In our "Cat" example, everything worked perfectly because our input was exactly three characters long. Our 3 bytes translated perfectly into a 24-bit block, yielding four 6-bit characters. But what happens if you try to encode a word that is only 1 or 2 letters long?
If you try to encode the word "Ca" (2 bytes / 16 bits), you cannot form a complete 24-bit block. Base64 algorithms solve this by adding padding.
The encoder will append temporary zero-bits to the end of the binary stream until it forms a complete 6-bit chunk. Then, to signify to the receiving system that these extra bits are artificially added padding and not real data, the algorithm appends the = character to the final string block.
- If your input falls 1 byte short of a multiple of three, the output gets one padding character:
= - If your input falls 2 bytes short of a multiple of three, the output gets two padding characters:
==
Because of this mechanism, you will only ever see zero, one, or two equals signs at the end of a payload. You will never see three.
Base64 is NOT Encryption
One of the most dangerous and persistent misconceptions in software engineering is that Base64 provides data security.
Base64 is an encoding scheme, not an encryption algorithm.
Encoding simply translates data from one highly documented format to another. There are no cryptographic keys, no mathematical hashing, and no secrets. Anyone who intercepts a Base64 string can decode it instantly.
Unfortunately, because Base64 text looks confusing and unreadable to a human (e.g., eyJzdWIiOiIxMjM0NTY3ODkwIiwibmFtZ...), junior developers sometimes mistakenly use it to "secure" passwords or sensitive session objects. Furthermore, some legacy enterprise applications historically used Base64 as a quick obfuscation method, setting a bad precedent.
This is especially critical when dealing with modern authentication mechanisms like JSON Web Tokens (JWTs). The payload of a standard JWT is purely Base64 encoded—it is explicitly not encrypted. If you put sensitive user data inside a JWT, anyone who captures that token can easily read everything inside. You can test this yourself using our dedicated JWT Decoder tool to instantly inspect the contents of any token payload.
Always remember: Encoding protects data structure from network corruption; Encryption protects data contents from malicious actors. Never confuse the two.

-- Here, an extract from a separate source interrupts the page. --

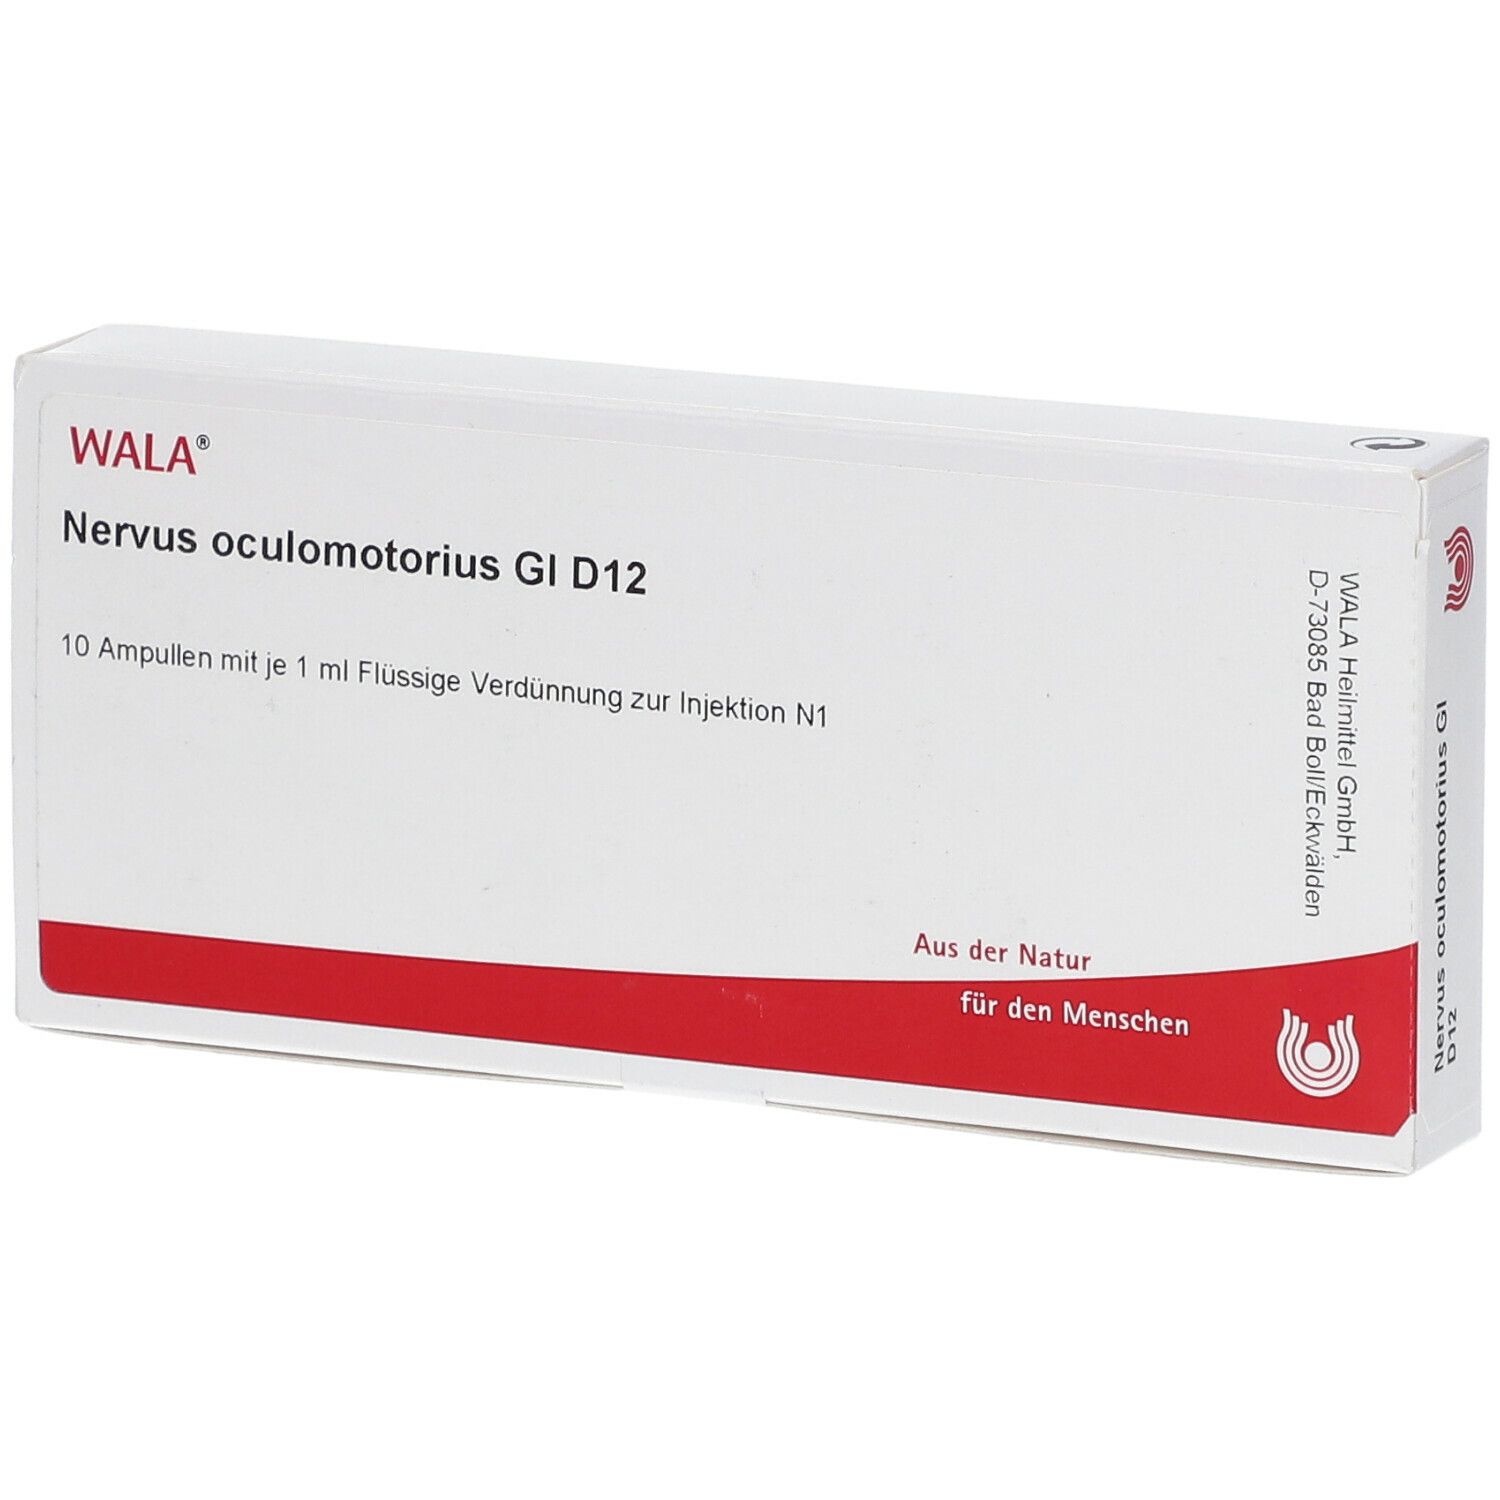 Wala® Nervus oculomotorius Gl D 12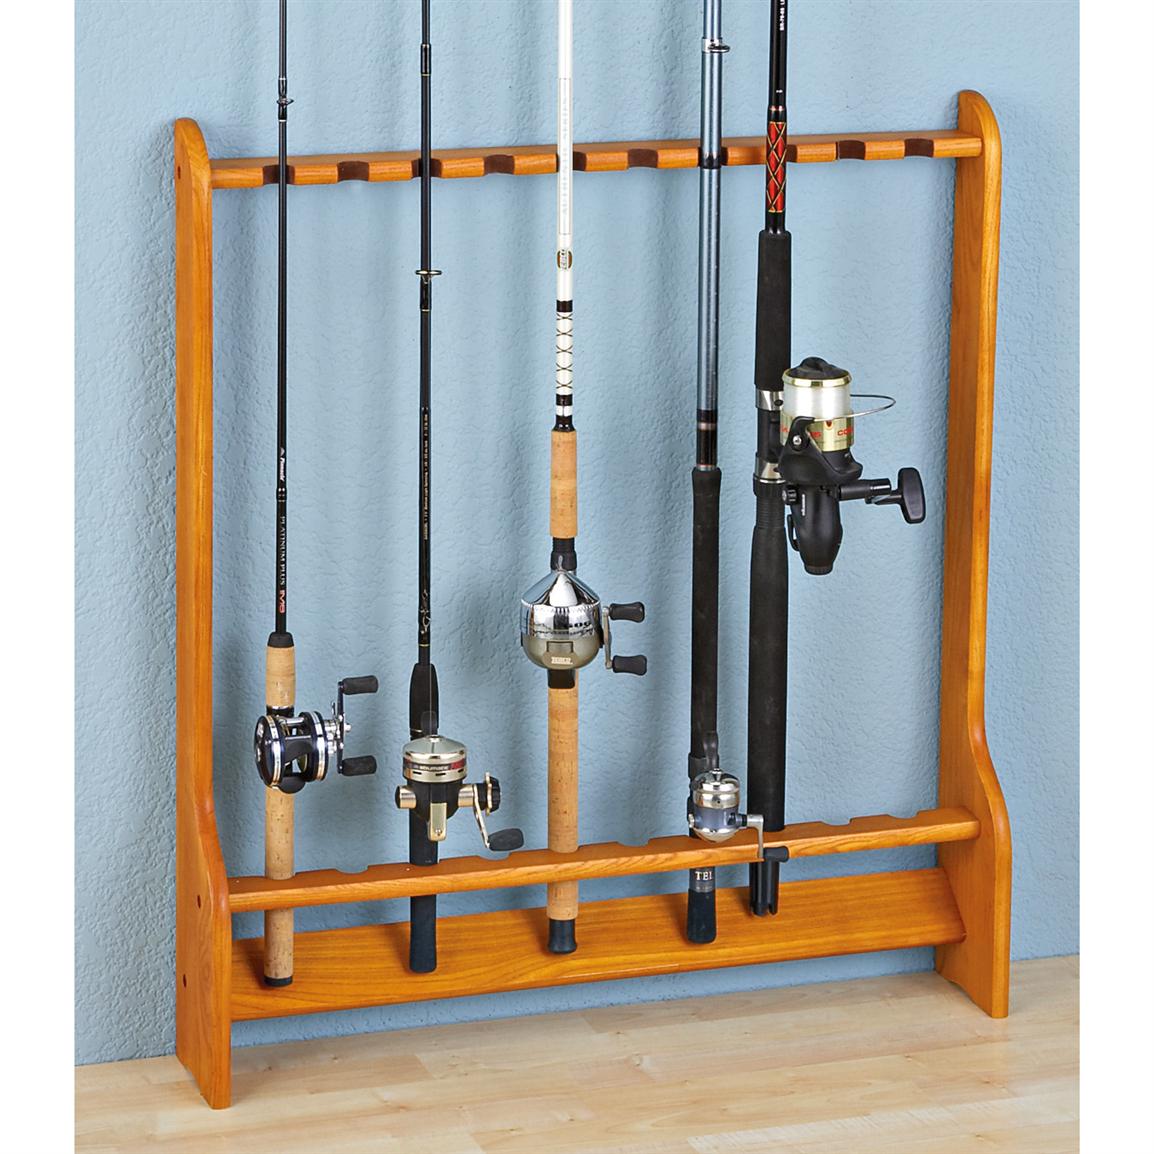 Confident Fishing pole racks plans | Janny

Frequently Asked Questions
How does base64 encoding work?
It works by taking standard 8-bit binary data (bytes) and mathematically re-grouping it into smaller 6-bit chunks. Each of these 6-bit chunks is then represented by one of 64 predetermined safe text characters, ensuring the data can pass through text-only network protocols without structural corruption.
Is base64 encrypted?
No. Base64 offers zero cryptographic security. It is simply a public translation map between data formats. Any system or individual with access to a Base64 string can instantly decode it back into its original text or binary format without requiring any passwords, keys, or special permissions.
What are base64 valid characters?
The strict alphabet defined by the RFC includes 64 characters: all capital letters (A-Z), all lowercase letters (a-z), numbers (0-9), the plus sign (+), and the forward slash (/). The equals sign (=) is also permitted strictly at the very end of the string to indicate mathematical padding.